RECORDED INFORMATION:
* * * *
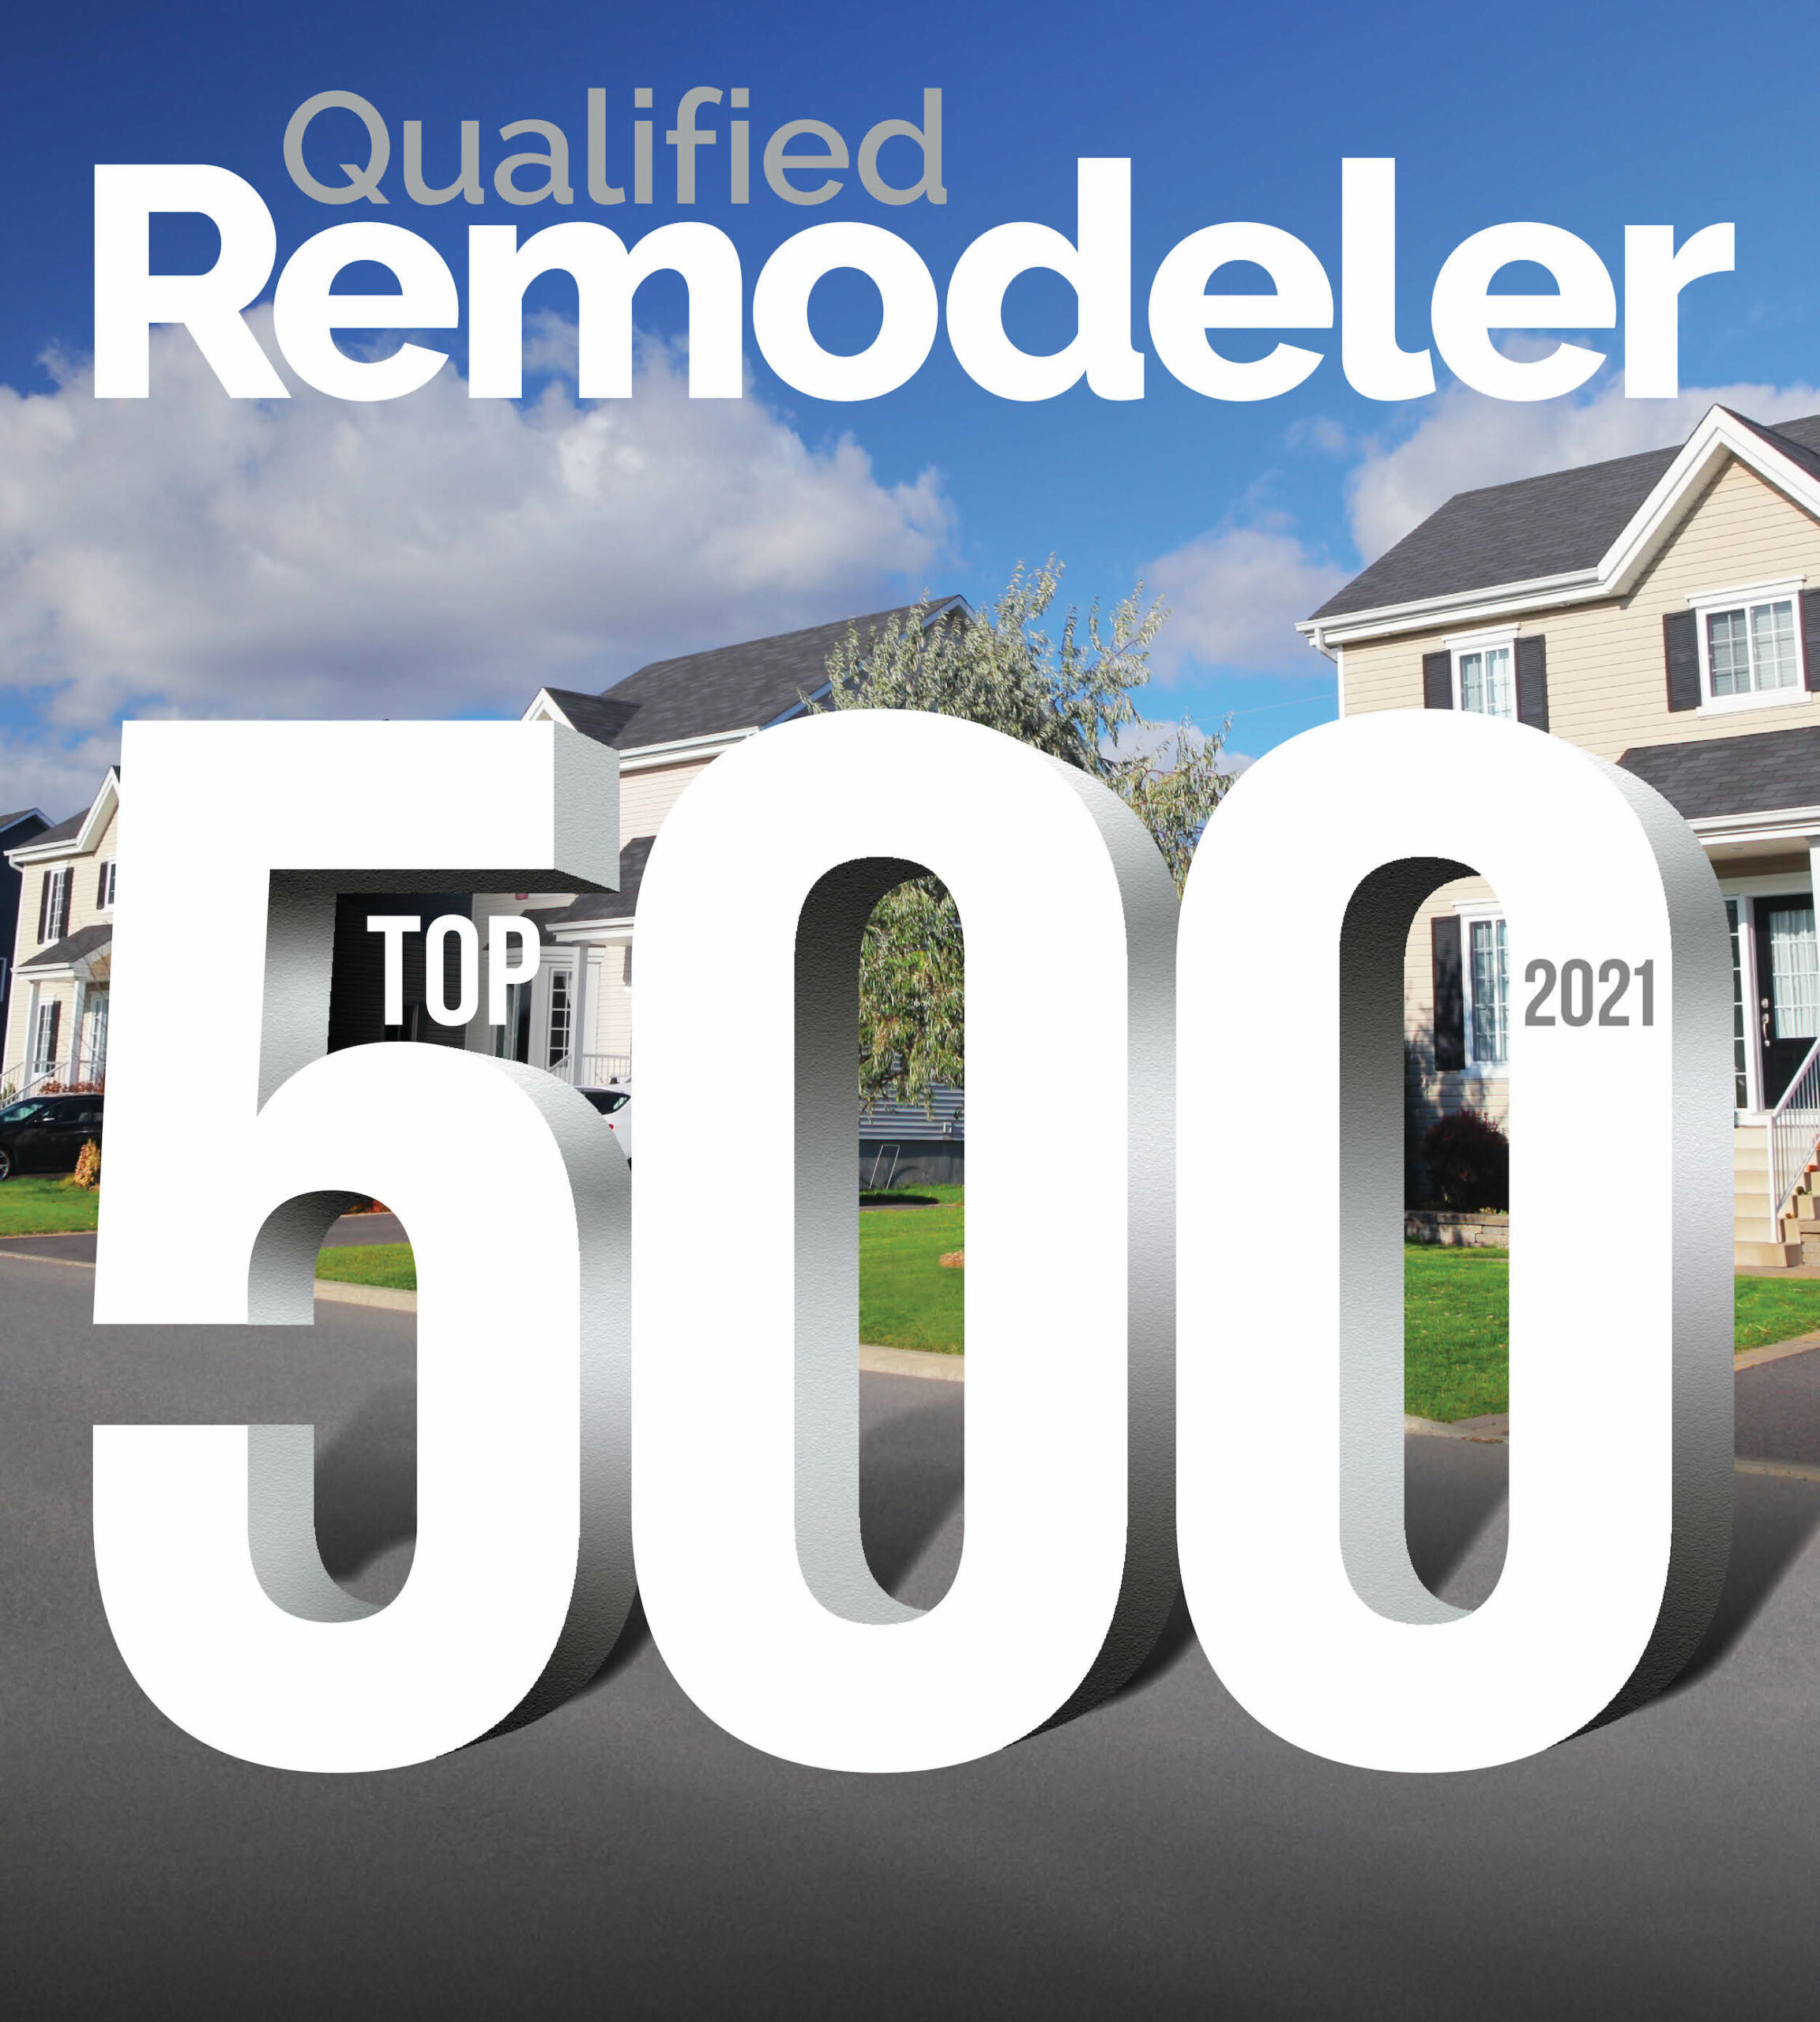 Bluestem Named to Qualified Remodeler TOP 500 List for 2021!
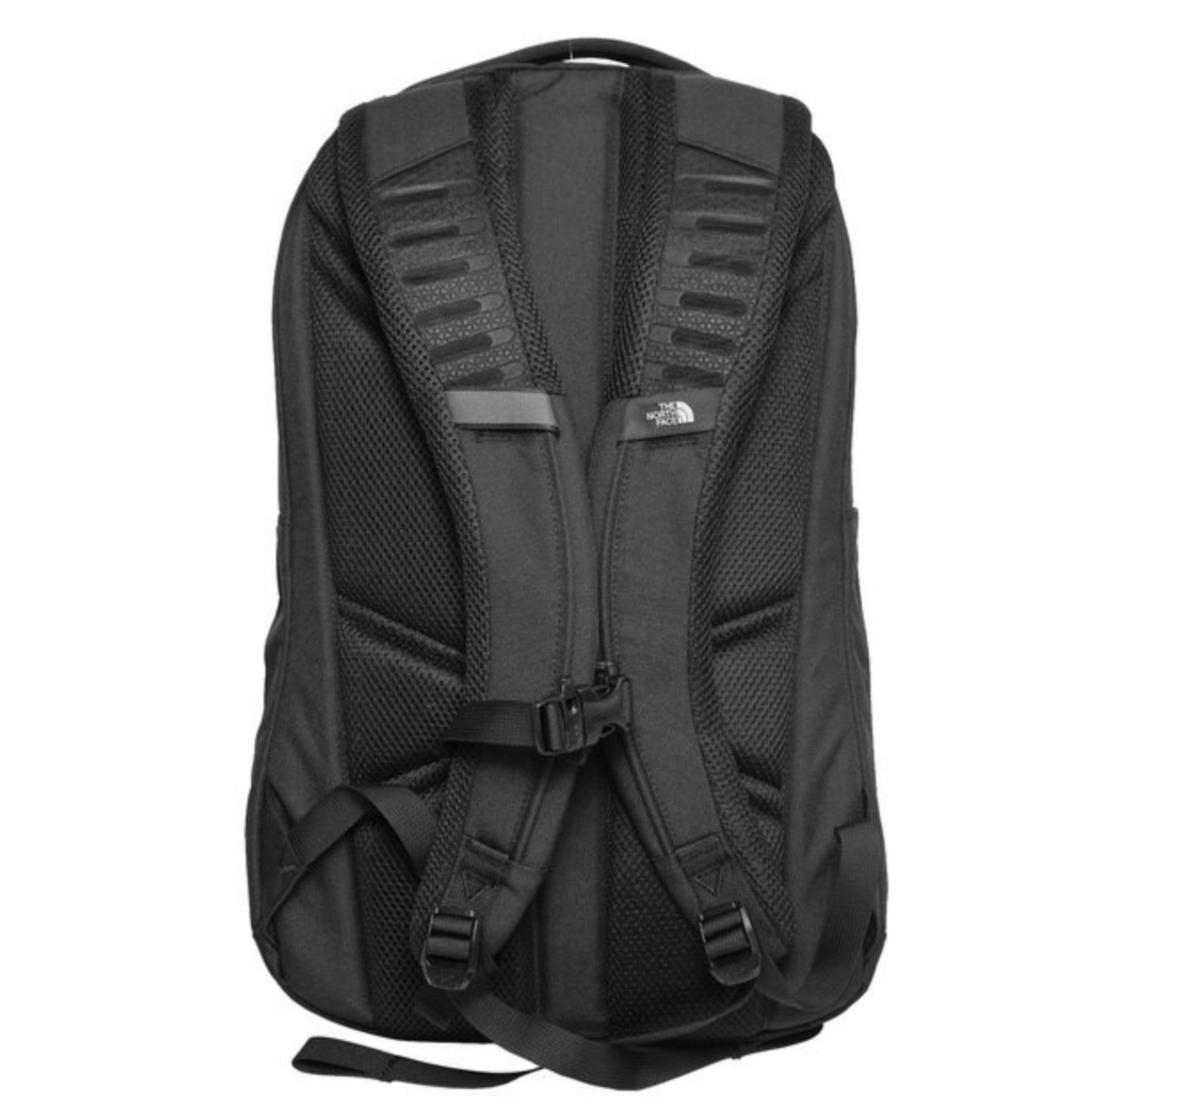 f:id:thebackpack:20191014111541p:plain
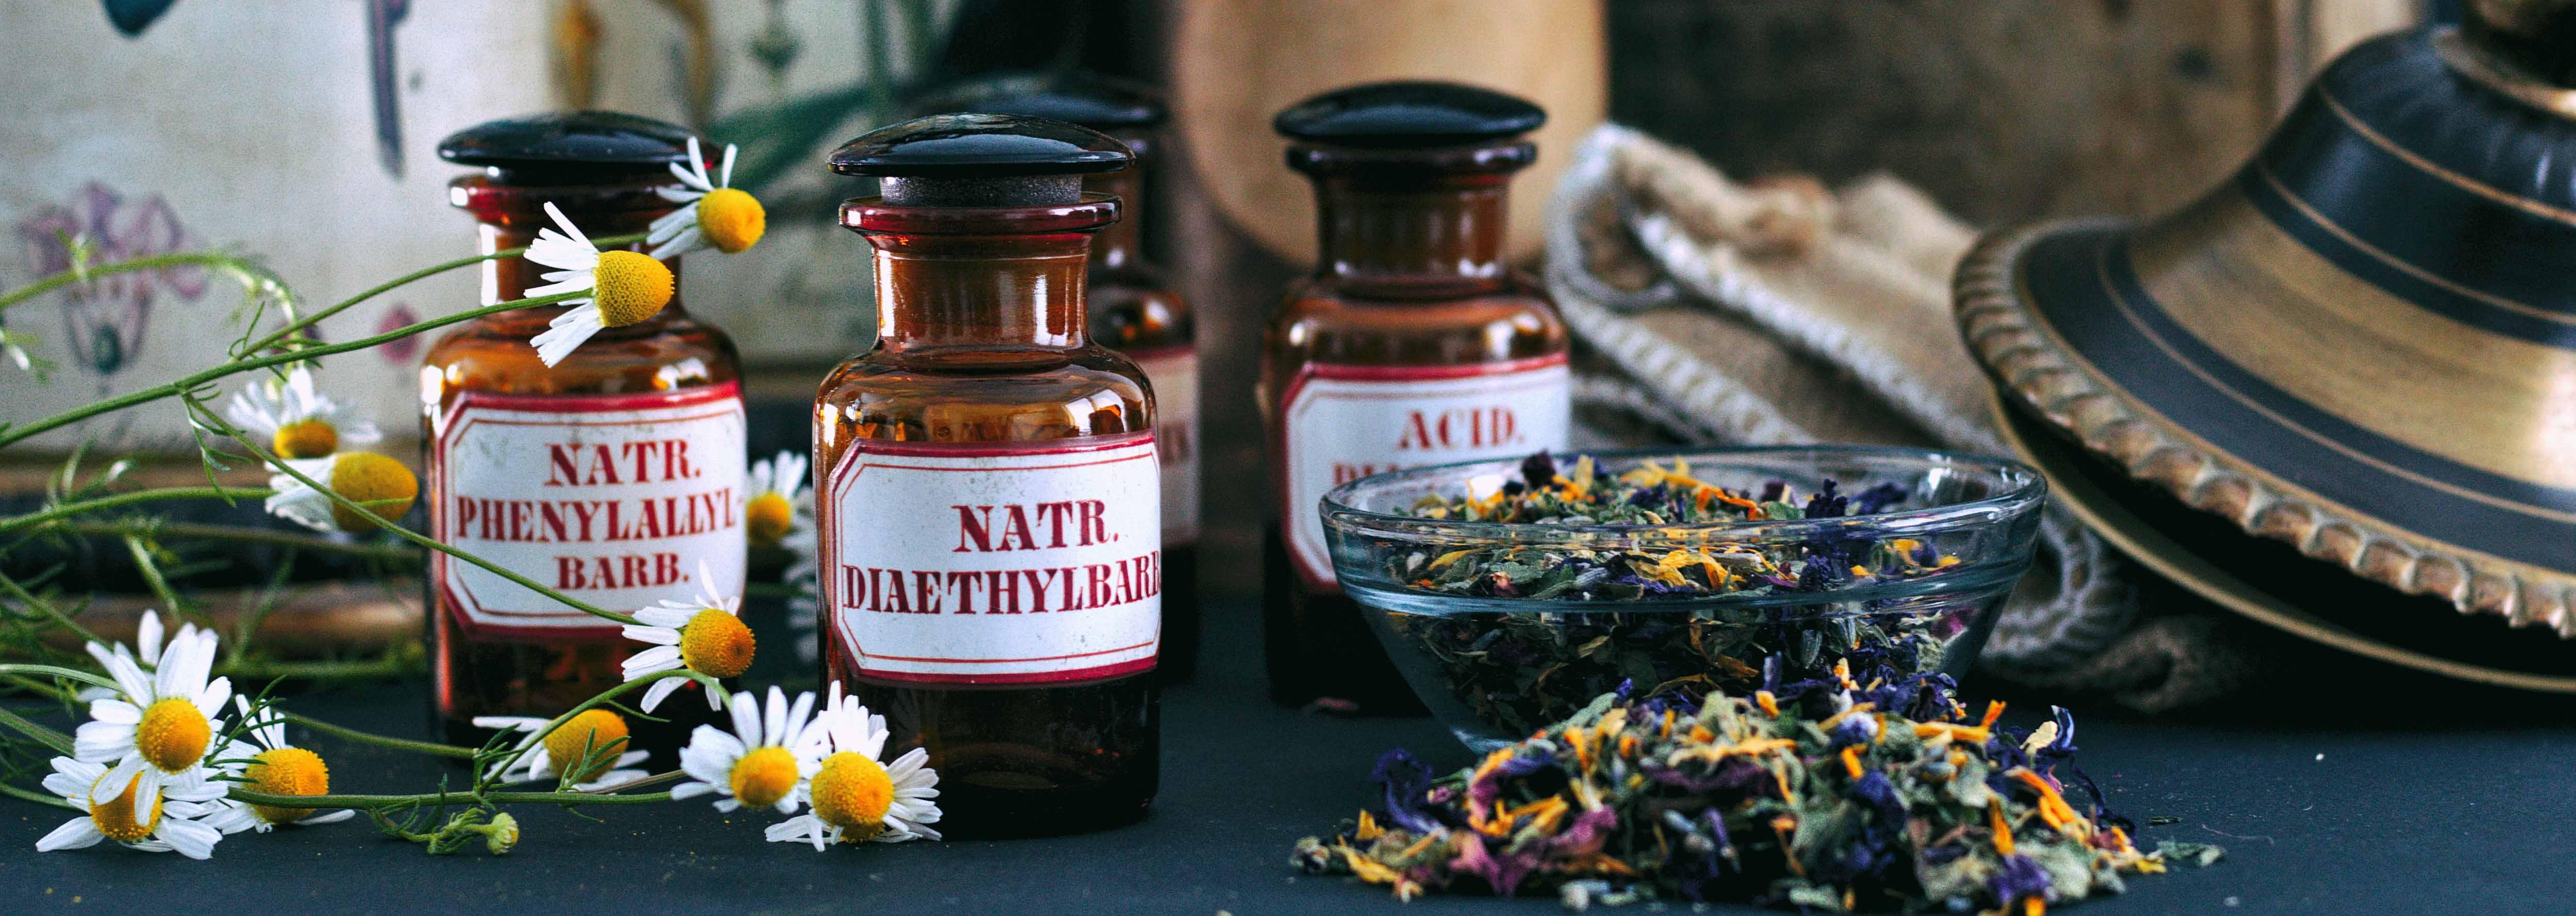 Natur, Naturheilkunde, Bachblüten,
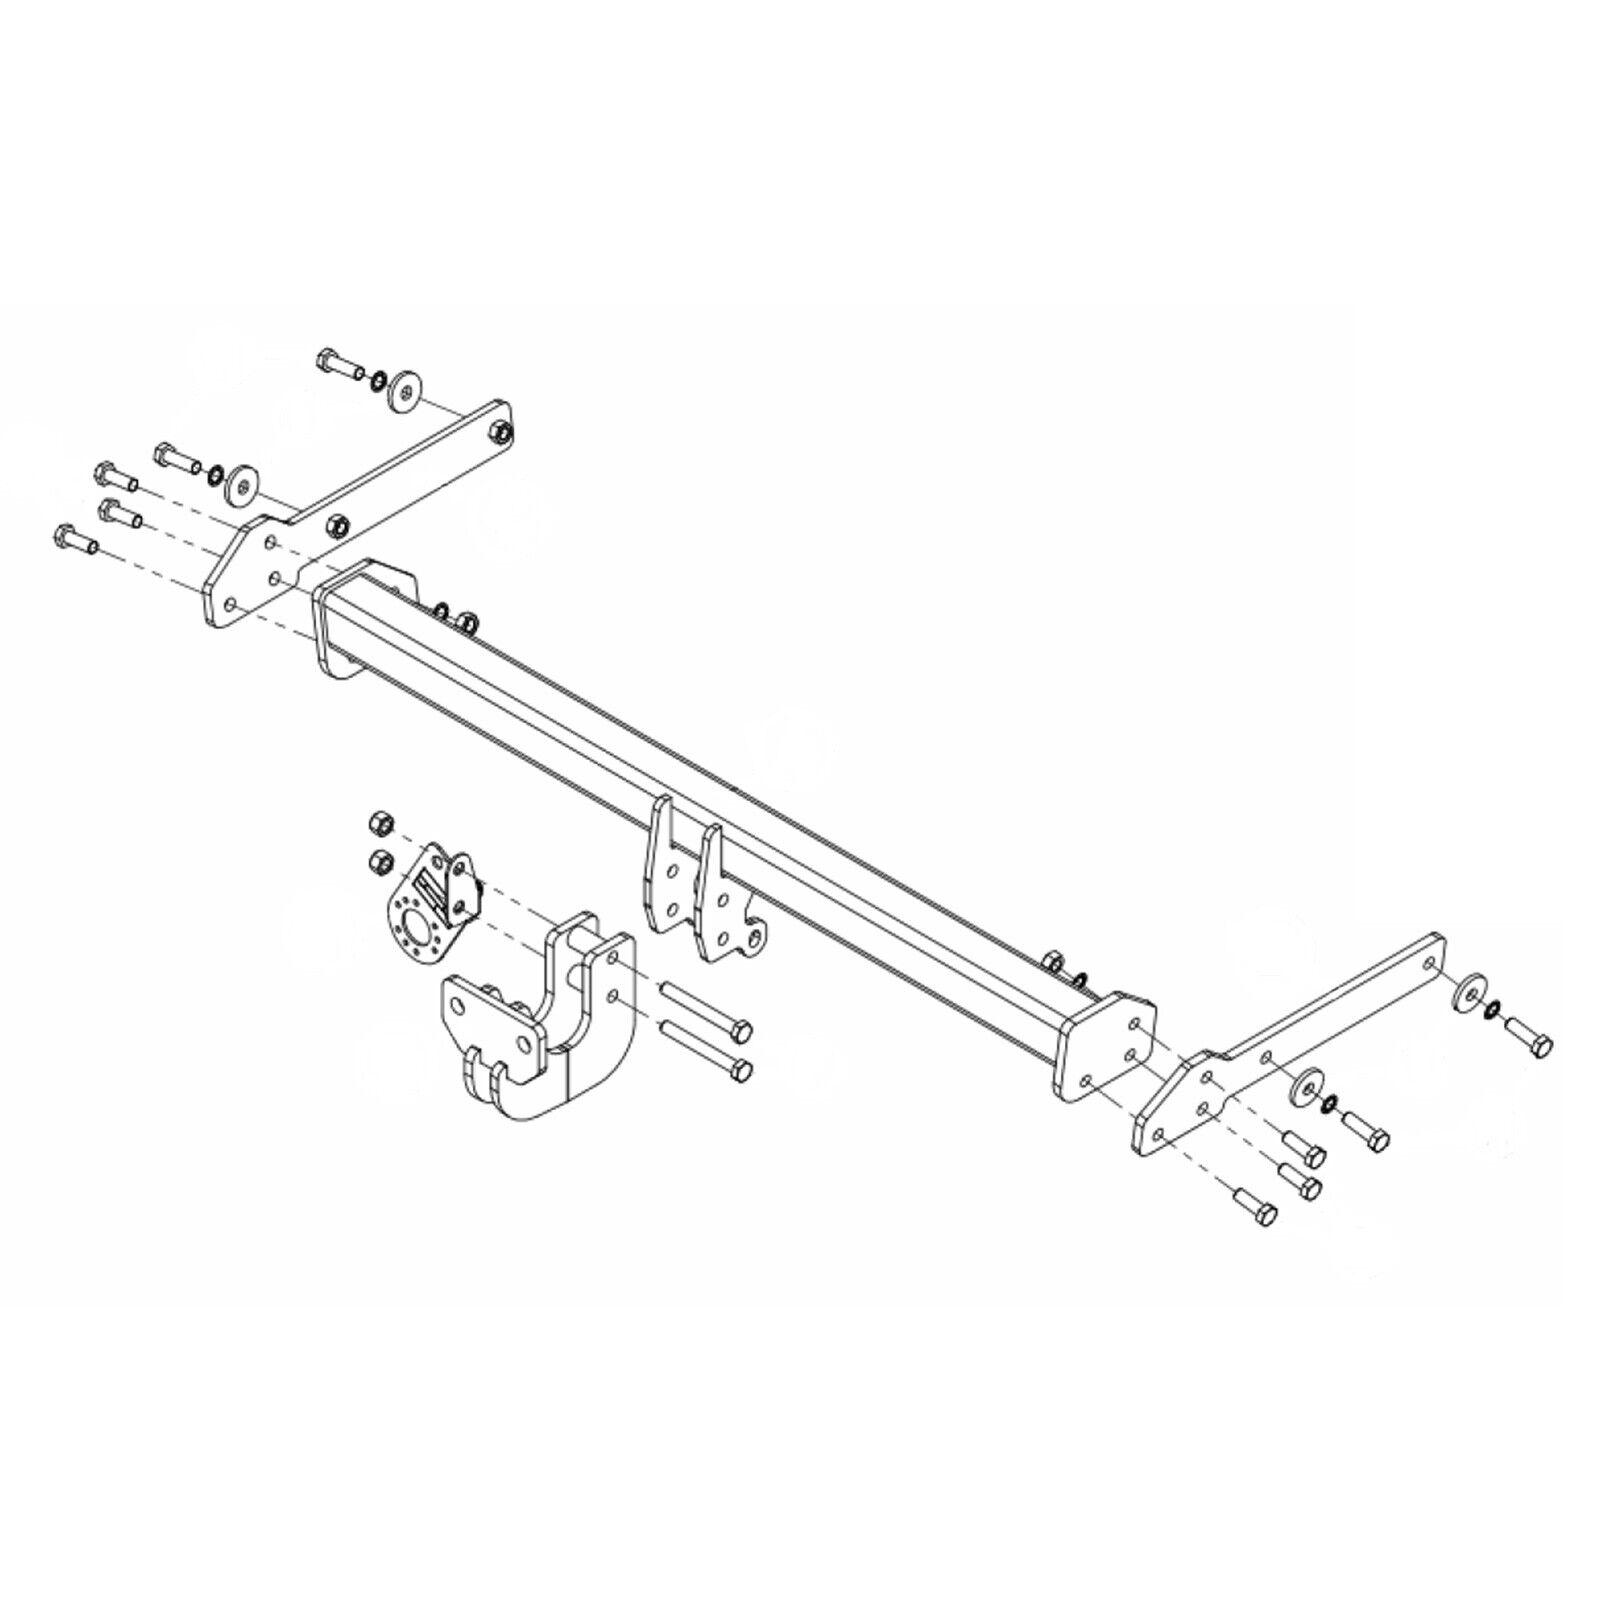 medium resolution of details about towbar for skoda octavia estate 2013 onwards flange tow bar
* * * *
EXERCISE REQUIREMENTS: Write out verbatim the lines from the one containing "f:id:thebackpack:20191014111541p:plain" through the last line of the listing above, and no other lines; omit pictures.

ANSWER BOX:
 f:id:thebackpack:20191014111541p:plain
 Natur, Naturheilkunde, Bachblüten,
 medium resolution of details about towbar for skoda octavia estate 2013 onwards flange tow bar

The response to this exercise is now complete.